To secure the life insurance policy loan
This is a loan that can be secured from the insurance using the cash value as your collateral. The money may be used to pay for emergency expenses such as medical bills, school fees or even buying a car. The good thing about this type of loan is that you can keep it for a long period since there is no underwriting.
Also, no credit check is required before you are allowed to secure the loan. Delays in paying this type of a loan cannot make its way to your credit report. But if you die when the loan is still outstanding, its value will be recovered from the amount due to the beneficiaries.
Also, you can borrow against the policy cash value without being required to provide any other collateral. But you will be expected to pay the principal plus a small annual interest rate. In some cases, it may be necessary that you pay the interest out of pocket every year.
Also, you must keep an eye on the amount of the loan and the cash value of the policy. If you choose not to pay the interest, it will be included in your outstanding loan. So when the amount of your loan outgrows the cash value of your policy, the policy lapses. It means that with time, you may lose the coverage. When you lose the coverage, you will be required to pay an income tax on any unpaid loan.
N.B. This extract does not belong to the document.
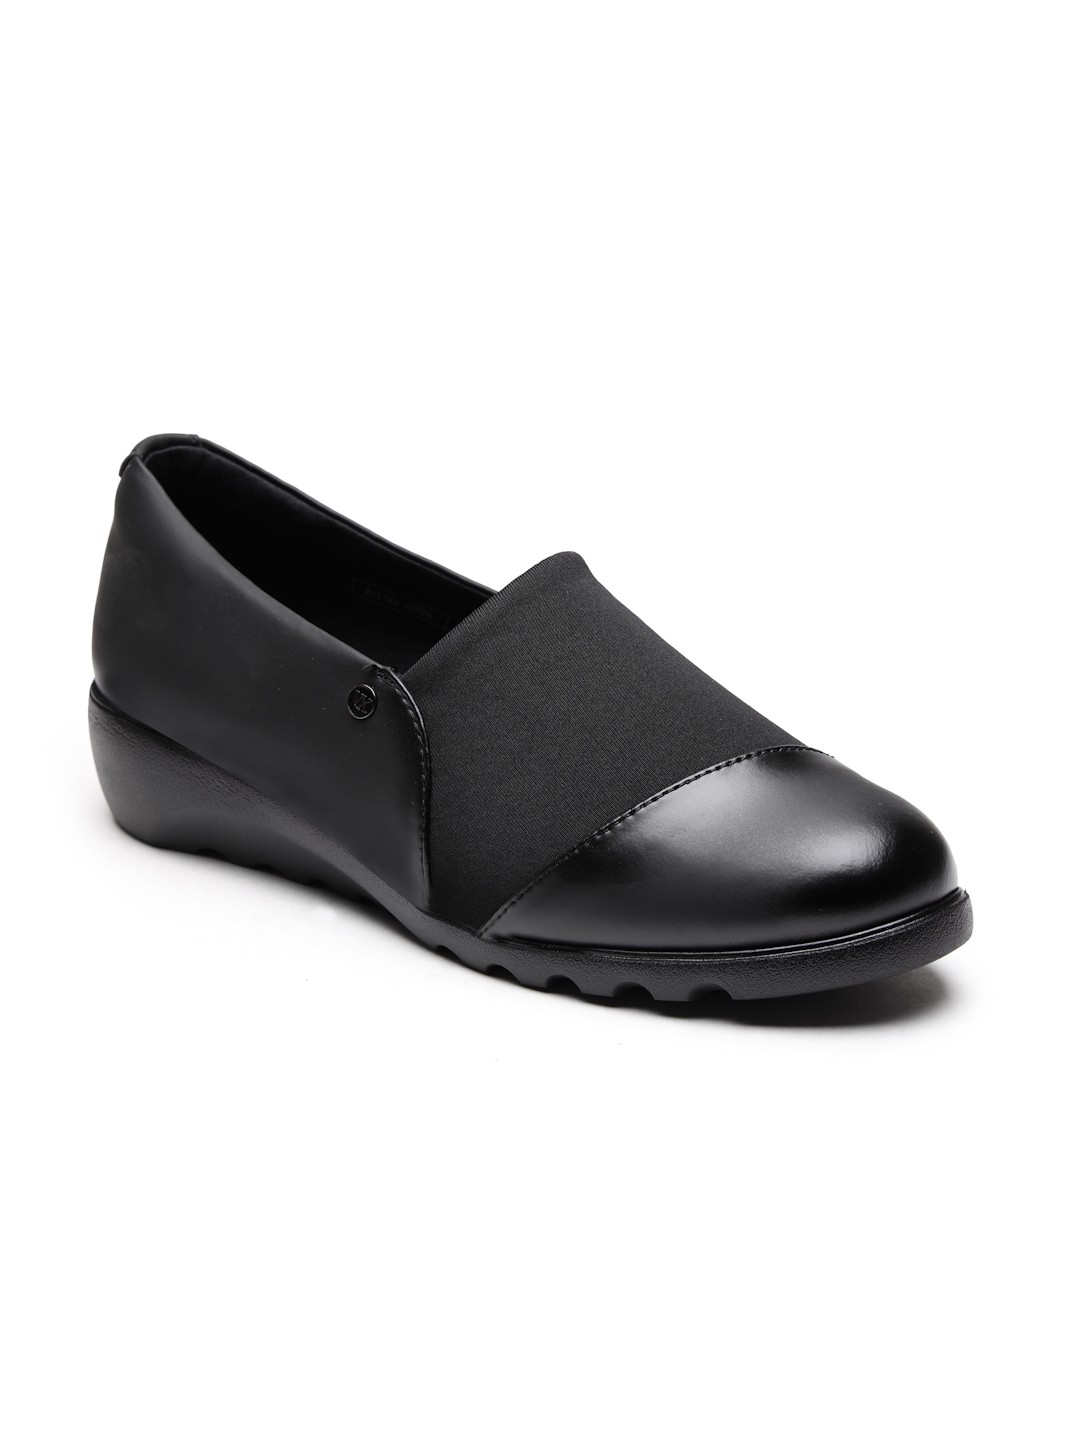 Buy Von Wellx Germany Comfort Women's Black Casual Shoes Ayla Online in Bhubaneswar

Part withdrawal from the policy’s cash value
It is possible to withdraw a fraction of the covers cash value. When you do this, you receive some cash alright but it will reduce the death benefits. It is a good option to consider if your children have matured and are financially stable. In most cases, partial withdrawal may still leave something for your spouse. Here is how it works:
For universal and variable insurance policies, partial withdrawal is equated to being given a fraction of death benefits in advance. It reduces the future payout to the beneficiaries by the amount withdrawn. Also, you must ensure that you don’t withdraw any money above what you have paid as premiums. If this was to happen, you will be forced to pay an income tax.
For whole life insurance policies, partial withdrawal is discouraged. The reason is that it makes the insurer reduce the death benefits by an amount greater than what has been withdrawn.
Use the cash value to increase the death benefits
If the cash value is sizeable but you don’t want to utilize it, you may choose to use it to increase the benefits you will leave to people you have listed as beneficiaries. Unfortunately, this option is not always available. Thus, it may be necessary that you check with the insurer. It is one of the methods you can use to ensure that your family does not lose the cash value you have built over the years.
Even though you can use the policy’s cash value in many ways, you must speak to your insurance company. It helps you to understand the rules and will help you benefit the most from the policy.
Withdrawing the cash value
If you find it hard to continue paying premiums for permanent life insurance, you may need to surrender the policy. You will be allowed to receive your cash value as a lump sum. Unfortunately, it comes with the following caveats.
- The insurers charge a huge surrender fee. The fees are deducted from the cash value reimbursed.
- Many firms set the period the policy must be in force before you are allowed to draw the cash.
- You will be taxed on the saving if the amount of the cash value you want to withdraw exceeds the premiums paid.
- If you opt to take the life insurance cash the financial security you set out for your family is lost.
Taking a policy with a cash value confers a lot of benefits to the holder. The money can be used to pay for premiums or as a security for loans. Also, it can be withdrawn as cash when surrendering the policy. Lastly, the cash value can be used to increase the death benefits you leave behind to the beneficiaries.